Historic house in South Dakota, United States

The Austin–Whittemore House, sometimes referred to as the Austin–Whittemore Museum, is a historic building in Vermillion, South Dakota. Originally a private residence built in 1884, it is now a historic house museum and the headquarters of the Clay County Historical Society. It was listed on the National Register of Historic Places in 1972.

==History==
The house was built in 1884 by Horace J. Austin, who was one of the earliest settlers in this area of Dakota Territory. He arrived in 1859 and worked surveying the surrounding homesteads. He met his wife, Rachel Ross, while attending services at the First Baptist Church of Vermillion. Austin later served as a Dakota Territory legislator until his death in 1891. Rachel remodeled the house after his death, moving the grand staircase to the front foyer, installing a greenhouse on the rear of the building, and building a new dining room and parlor. The Austins' adopted daughter, Pansy, married Arthur Whittemore and the couple made their home here.
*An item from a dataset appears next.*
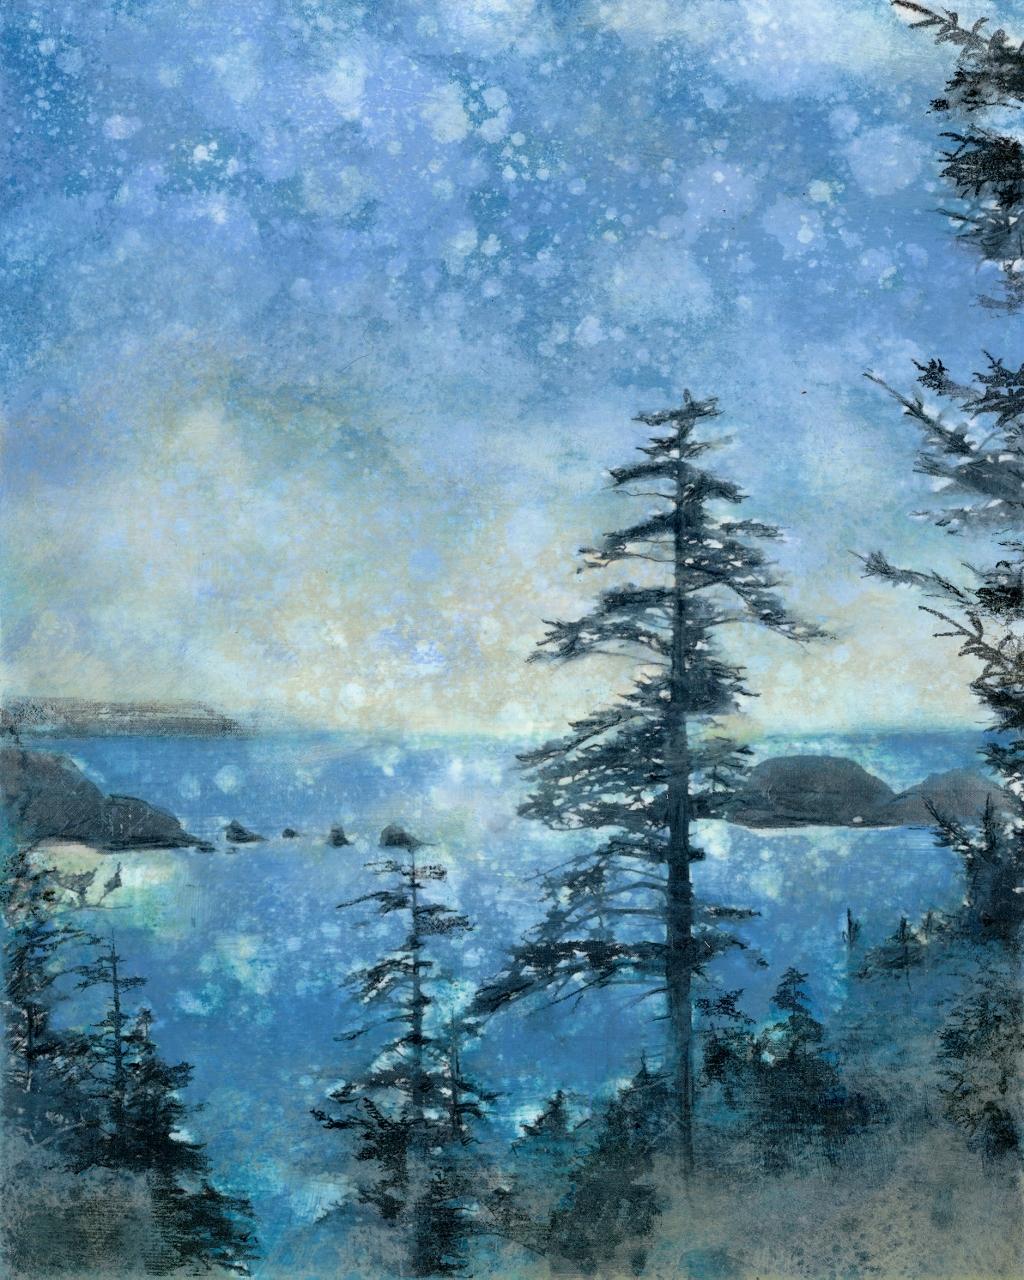 Spring Vista, Rain Painting Print, Jeni Lee, Cape Meares, Three Arch Rocks LARGE MASTER (1024x1280).jpg
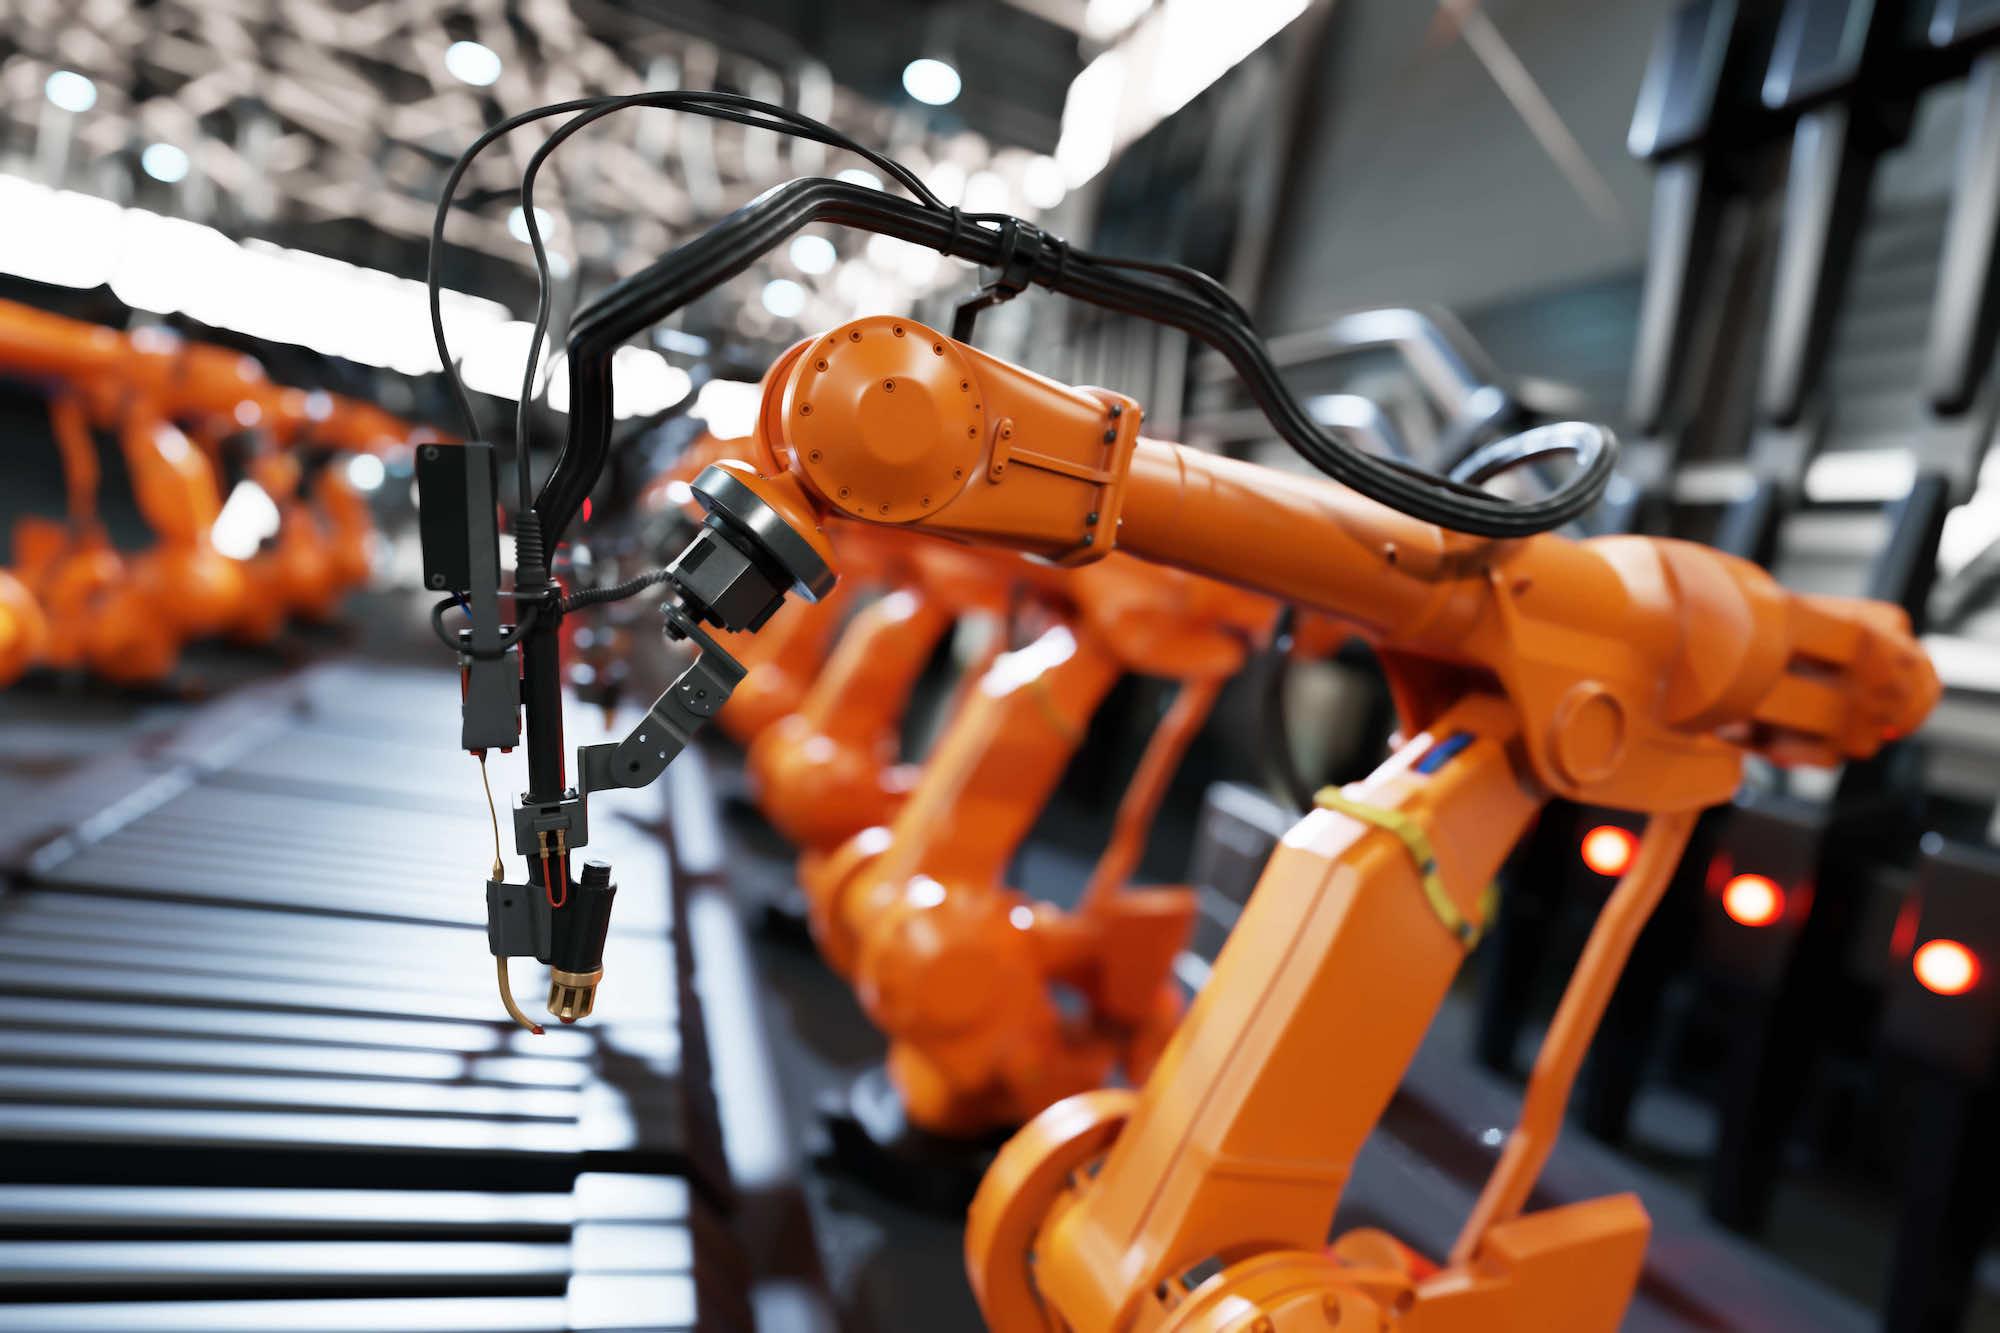 Bracci meccanici Industry 4.0 Ubilod

Upon Pansy's death, ownership of the house passed to her only son, Arthur Whittemore, Jr., who had become a musician; however, he decided to remain at his home in New York and sell the ancestral house, with the intention that it be torn down due to it falling into disrepair. The wife of then-University of South Dakota President Richard L. Bowen, Connie Bowen, led a group of concerned citizens who bought the house and the surrounding lots, and formed the Clay County Historical Society. Due to its association with Horace Austin and the Whittemore family, the house was listed on the National Register of Historic Places on October 18, 1972.

==Architecture==
The Austin–Whittemore House is one of the last surviving examples of 1800s architecture in the Vermillion area, and it has been preserved mostly as it was at the time of construction. It reflects a merging of Late Victorian architecture, particularly Italianate, with adaptations stylistic of the American frontier. The two-story house itself is built of out red bricks. A small wooden staircase leads to covered front porch. A large cupola sits atop its hipped roof. It also contains disused stable and buggy facilities and an earthen basement on the property. In 2014, the Clay County Historical Society purchased, remodeled, and moved a replica of Vermillion's first schoolhouse to the grounds. The replica, built in 1939, commemorates the original schoolhouse that was built in 1864 and destroyed in the Great Flood of 1881.